**ACTIVITY:** Copy out and return the lines from the one holding "Doug Corn Pudding" to the end of the listing below, both included, omitting the pictures.

**DATA EXTRACT:**
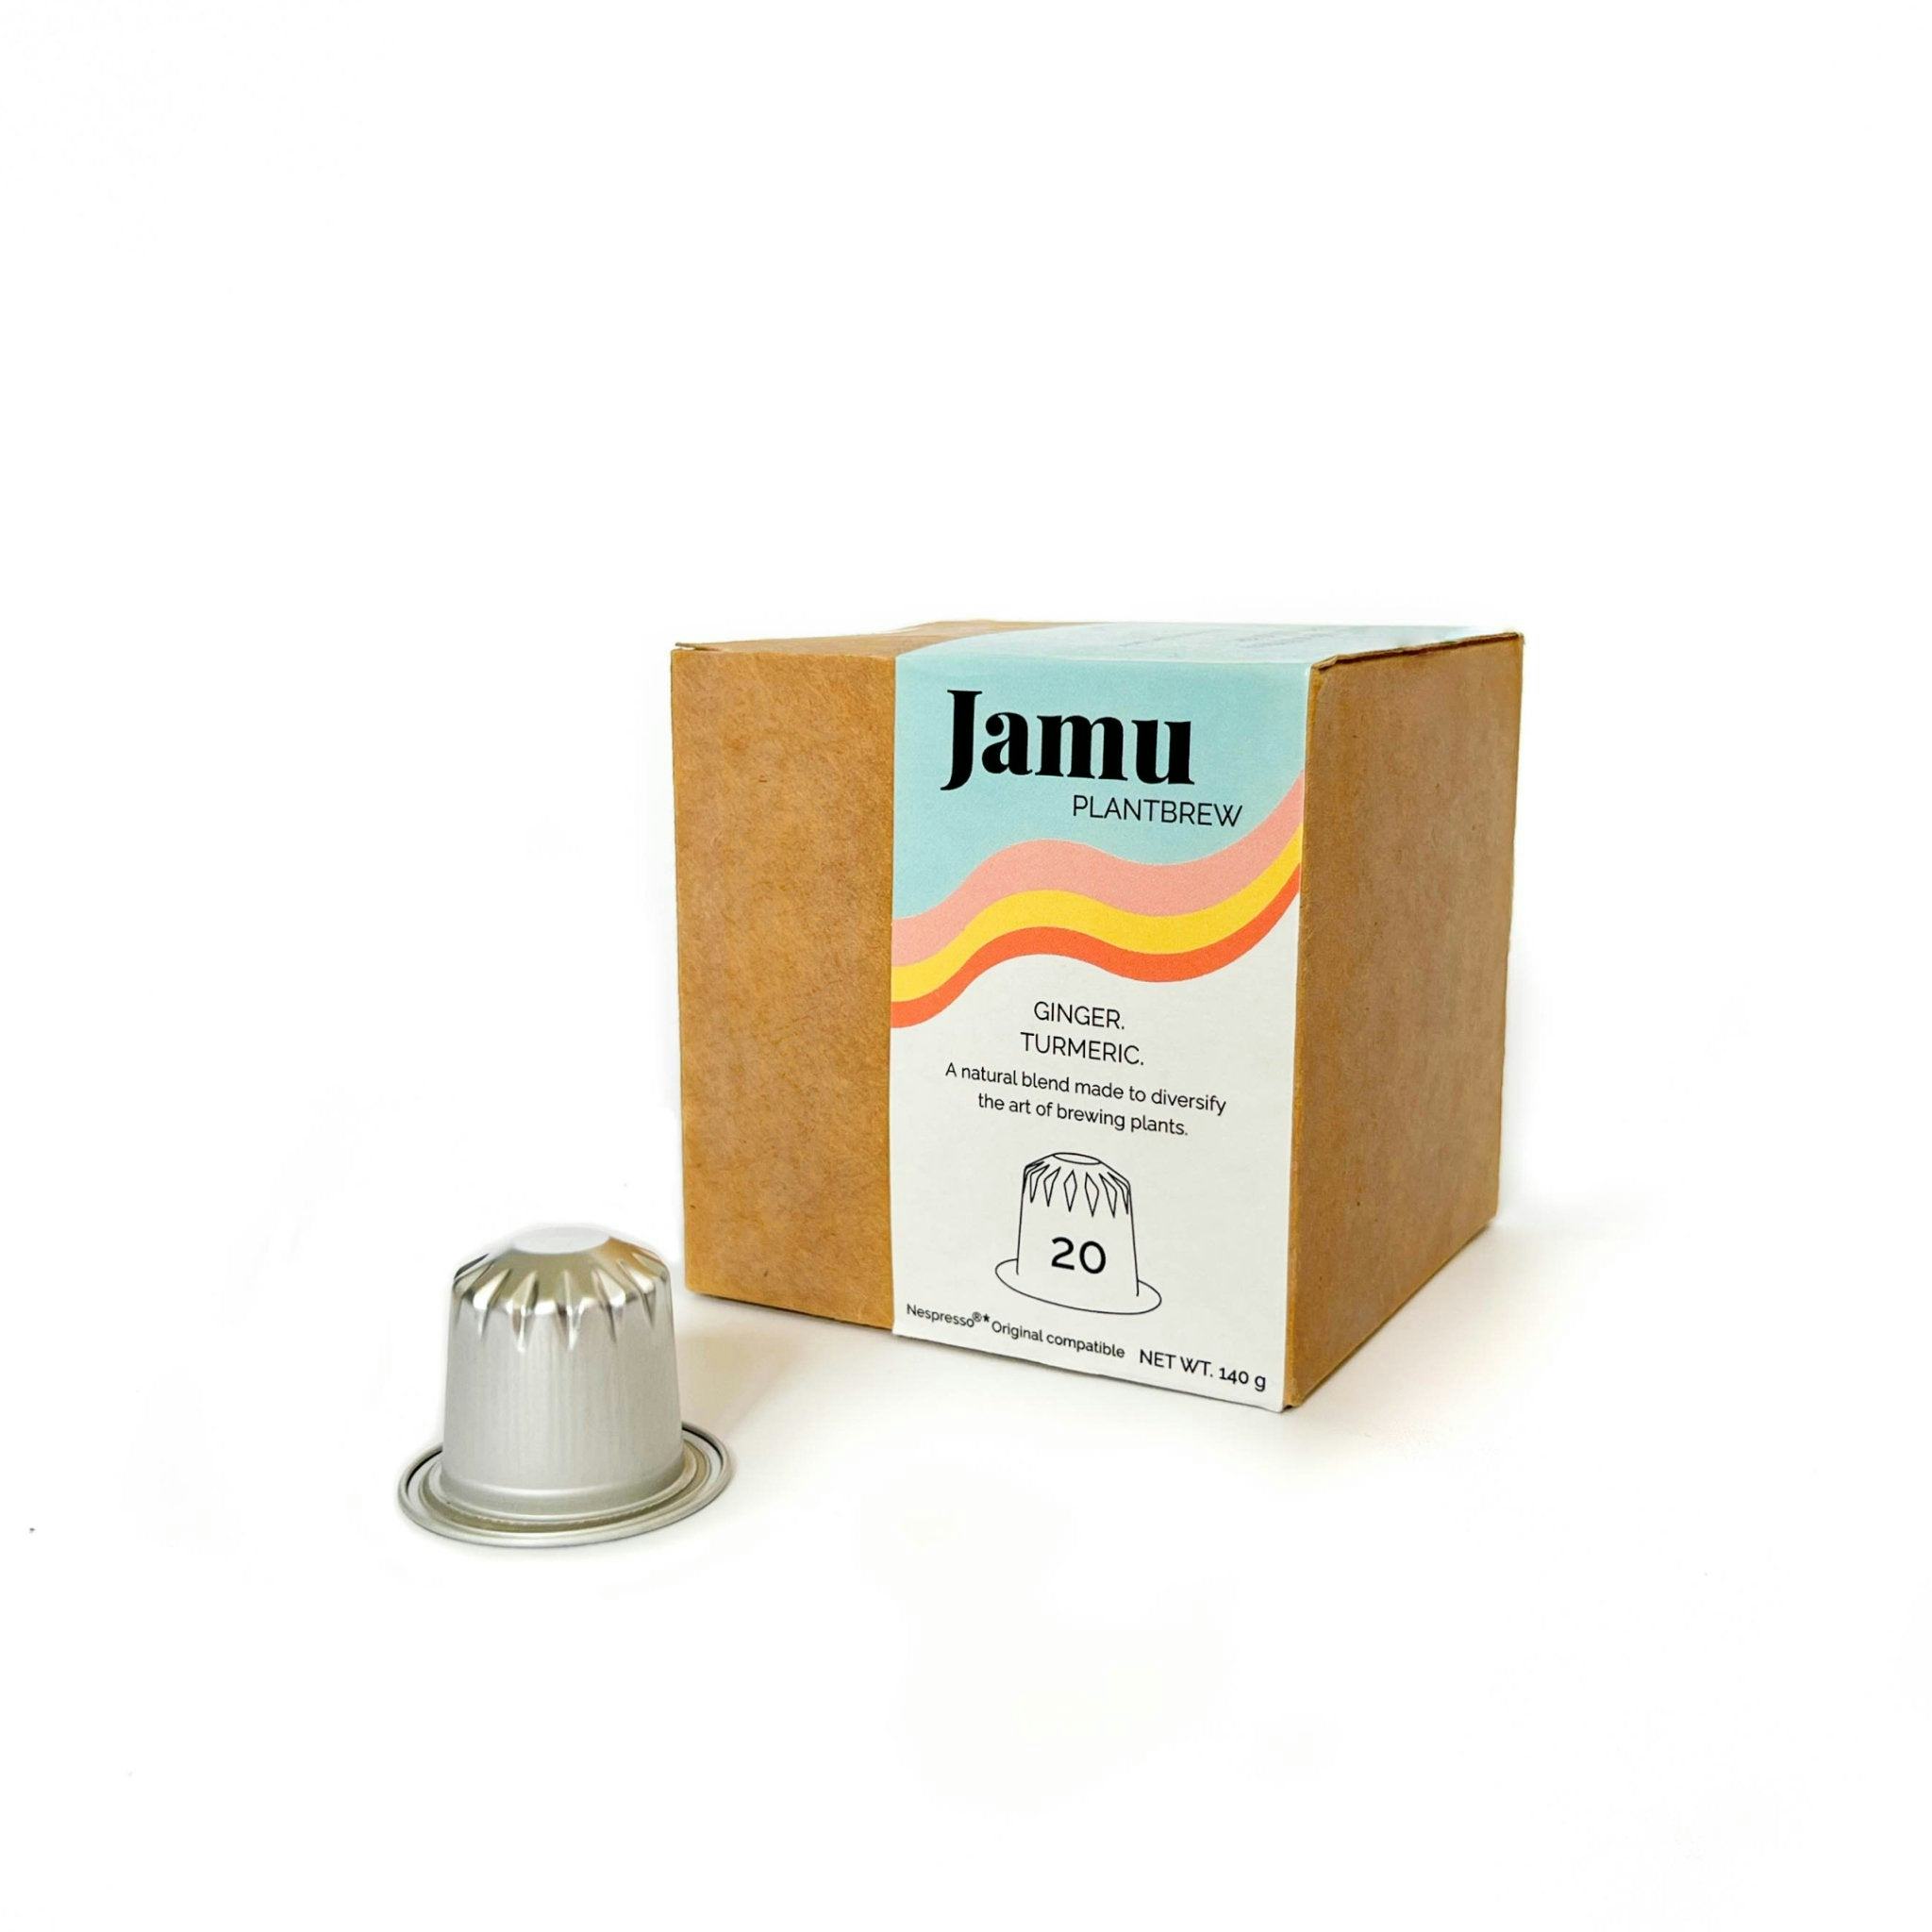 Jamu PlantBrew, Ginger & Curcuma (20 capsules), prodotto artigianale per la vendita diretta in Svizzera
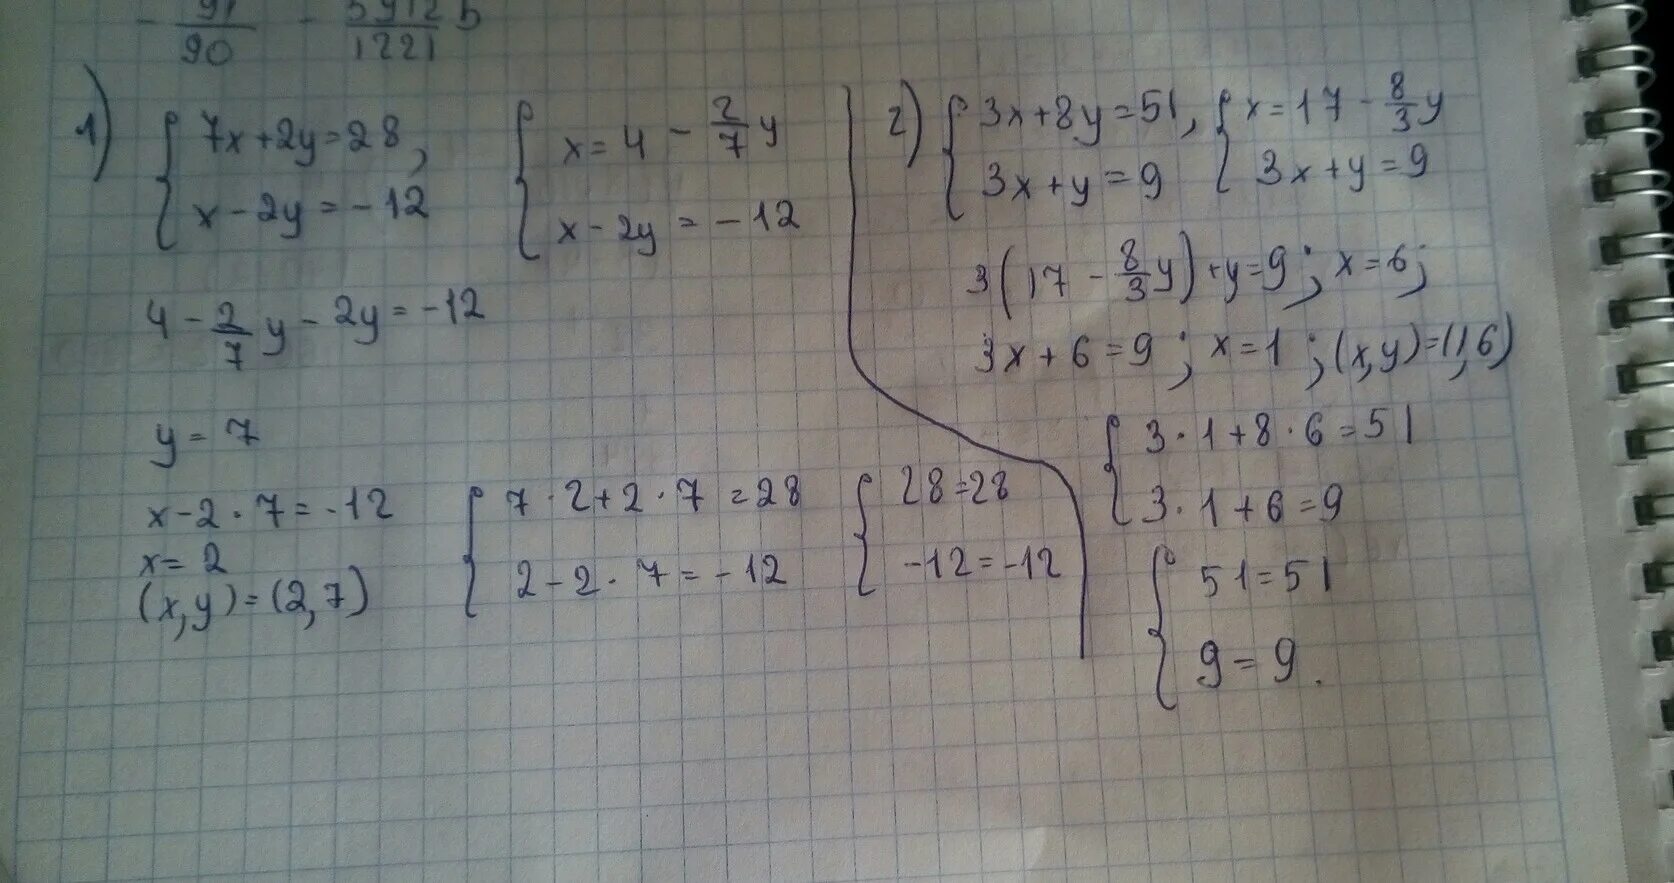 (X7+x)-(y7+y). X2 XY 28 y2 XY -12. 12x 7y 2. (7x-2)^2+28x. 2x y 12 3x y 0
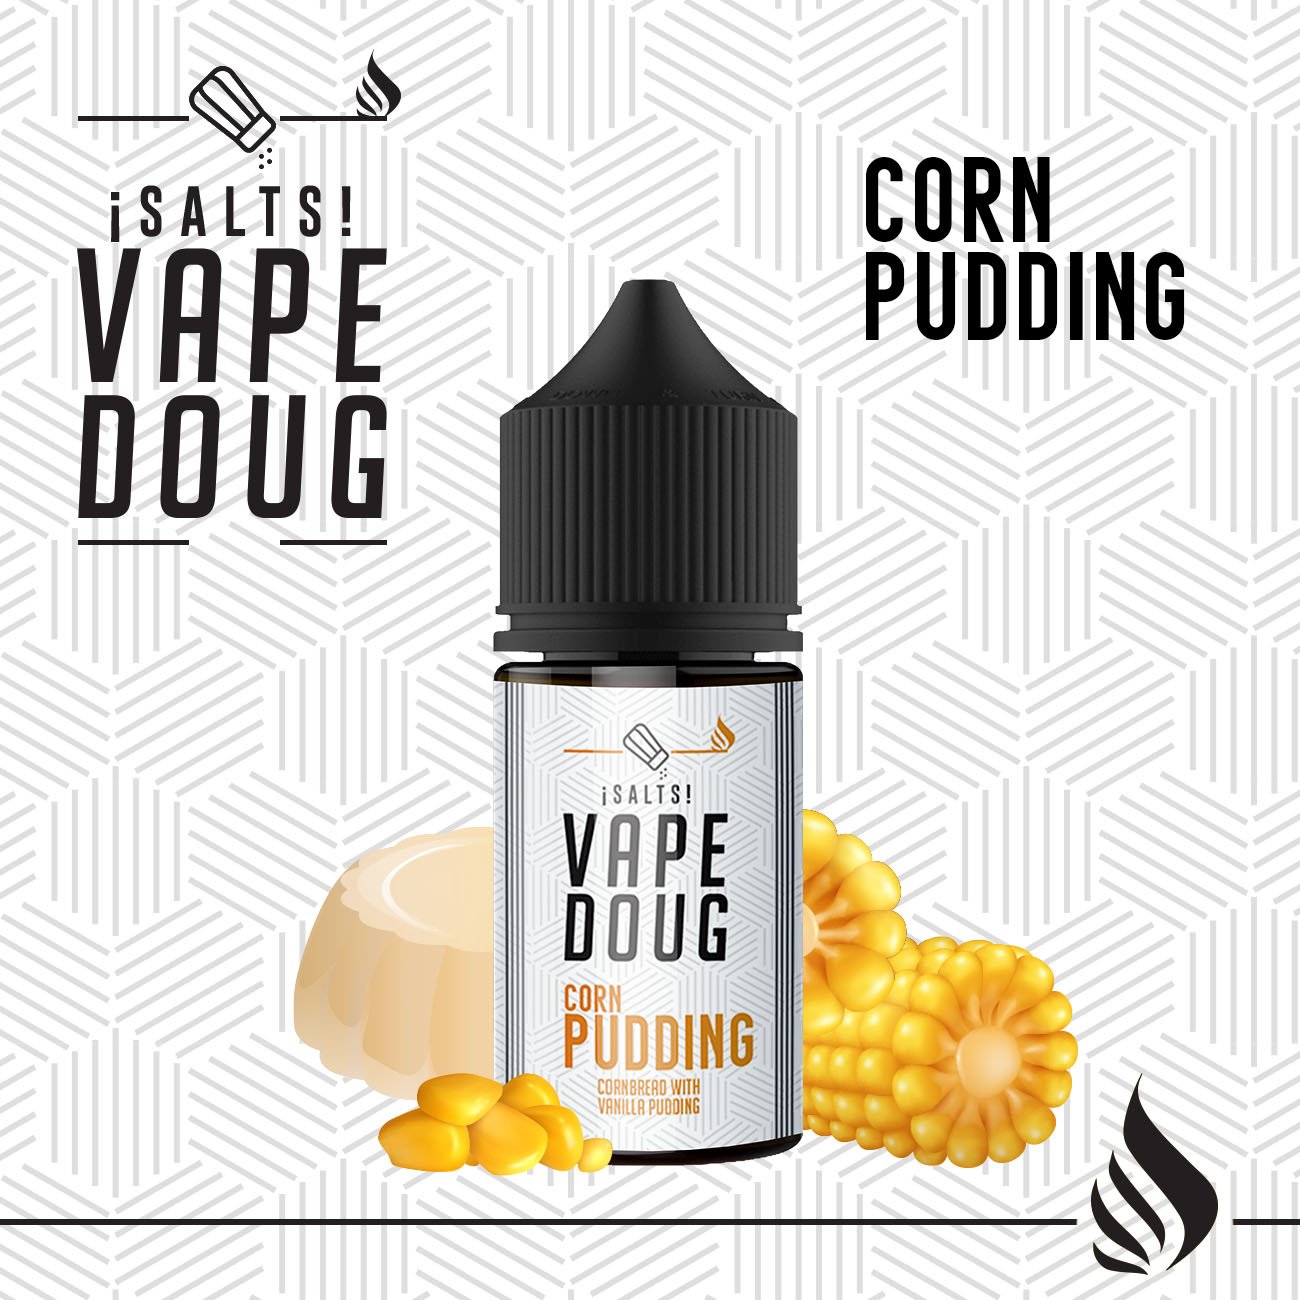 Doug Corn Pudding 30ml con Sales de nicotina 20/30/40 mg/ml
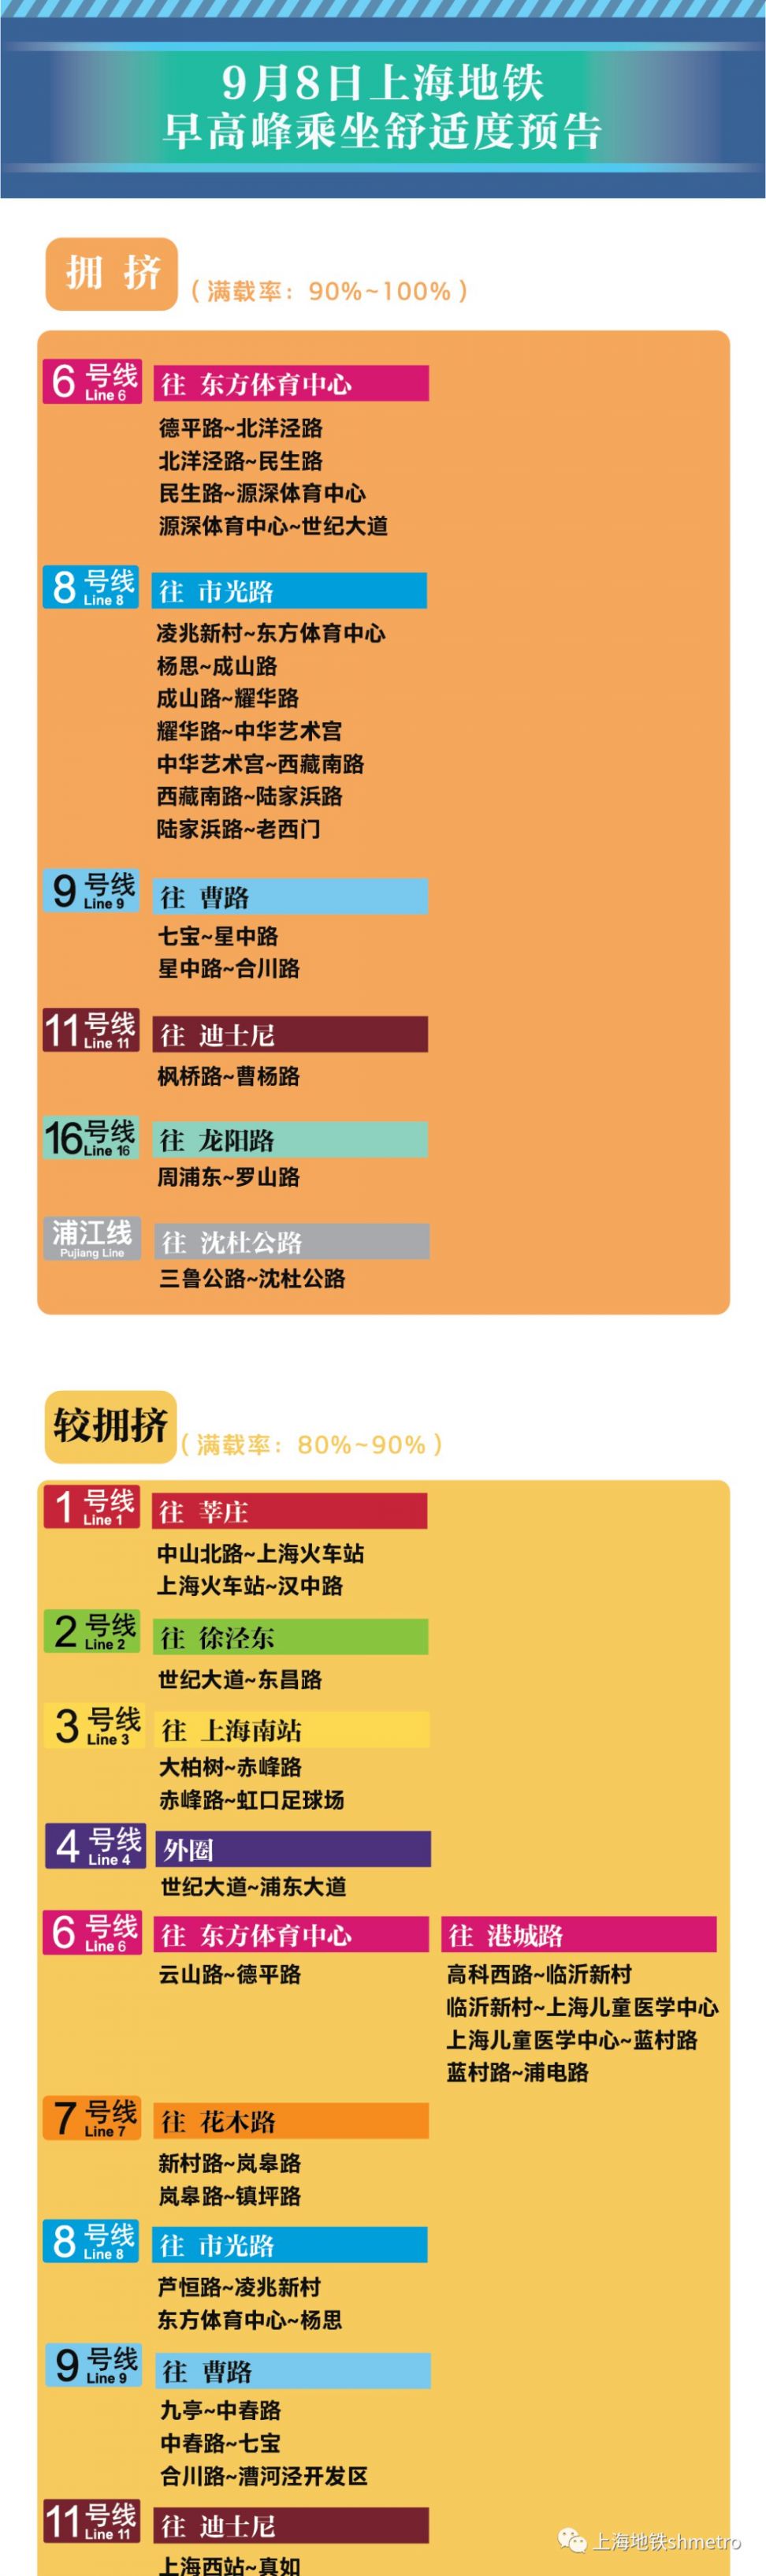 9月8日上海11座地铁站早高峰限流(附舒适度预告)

**EXERCISE ANSWER:**
 Doug Corn Pudding 30ml con Sales de nicotina 20/30/40 mg/ml
 9月8日上海11座地铁站早高峰限流(附舒适度预告)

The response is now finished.